Tag Archives: Courting

What is the value proposition for a Christian man considering marriage?

Basically, I think that my job as husband and father is:

  1. to make sure that I focus on being a good protector, provider and moral spiritual leader by making good decisions and setting aside time to learn how to defend my views on religion and morality
  2. to make sure that I am aware of areas where God has an interest, like the abortion debate, the marriage debate, the debate over the origin of the universe, the debate over biological origins, the debate over free markets vs secular socialism, the debate over religious liberty and family vs fascism, etc.
  3. to make sure that I am aware of the skills, arguments and evidence that are related to these trouble areas
  4. to make sure that I assess the skills and capabilities of my future children
  5. to choose a wife who is aware of these problem areas and the relevant skills
  6. assess the skills and capabilities of the children
  7. communicate to them the areas where Christianity is under fire
  8. demonstrate to the children how much these areas matter to their parents
  9. together with my future wife, to steer the future children into degrees and careers that will move the ball forward in these areas.
  10. act intentionally to ensure that they achieve influence in the problem areas as effectively as possible

I don’t think that it is Dad’s job to just roll over and pay for a wife and several children unless the wife agrees with me to try and achieve something together that we could not achieve as singles. I.e. – I think that if we have a child, then we should NOT be as happy if the child is a poet as we would be if the child is Chief Justice of the Supreme Court or William Lane Craig. I think that some things that a child can be are more influential than others, and that children should be jointly steered in the direction of being influential and effective as a way of making the marriage count for the Lord. And I think the Bible supports the idea of stewardship and making the most of gifts and blessings.

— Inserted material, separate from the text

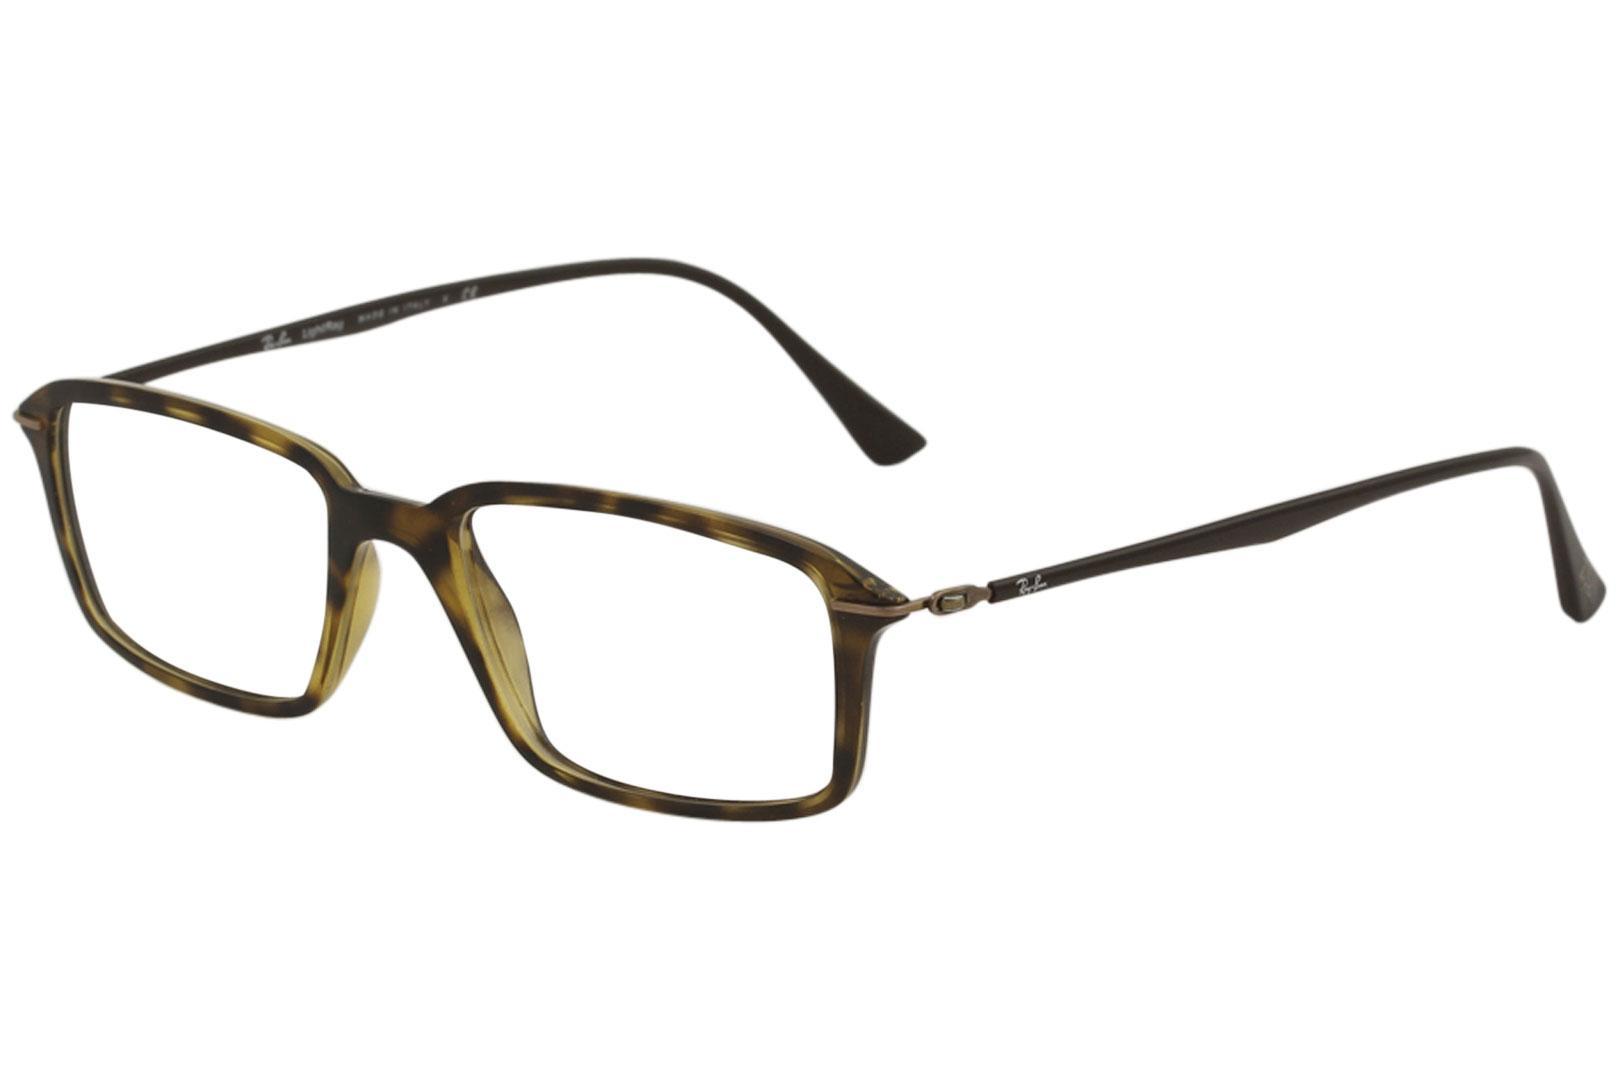 ab5bb7f59cce Ray Ban Men s LightRay Eyeglasses RX7019 RX 7019 RayBan Full Rim Optical  Frame by Ray Ban. 12345

So I don’t feel that I am obligated to marry unless I can foresee that my wife is serious about making the marriage, family and children count for God. If I don’t foresee a return on the investment, which is quite risky for the man given the feminism and socialism in the laws and tax codes, then wouldn’t I be better off just working and giving the money away to Christian speakers for apologetics speaking and debating? Children typically cost $250,000 and stay-at-home moms are expensive too. Is it worth it to have a wife who doesn’t agree with me on the purpose of the marriage and the parenting? Am I supposed to hand her hundreds of thousands of dollars and get nothing at all back to show for it?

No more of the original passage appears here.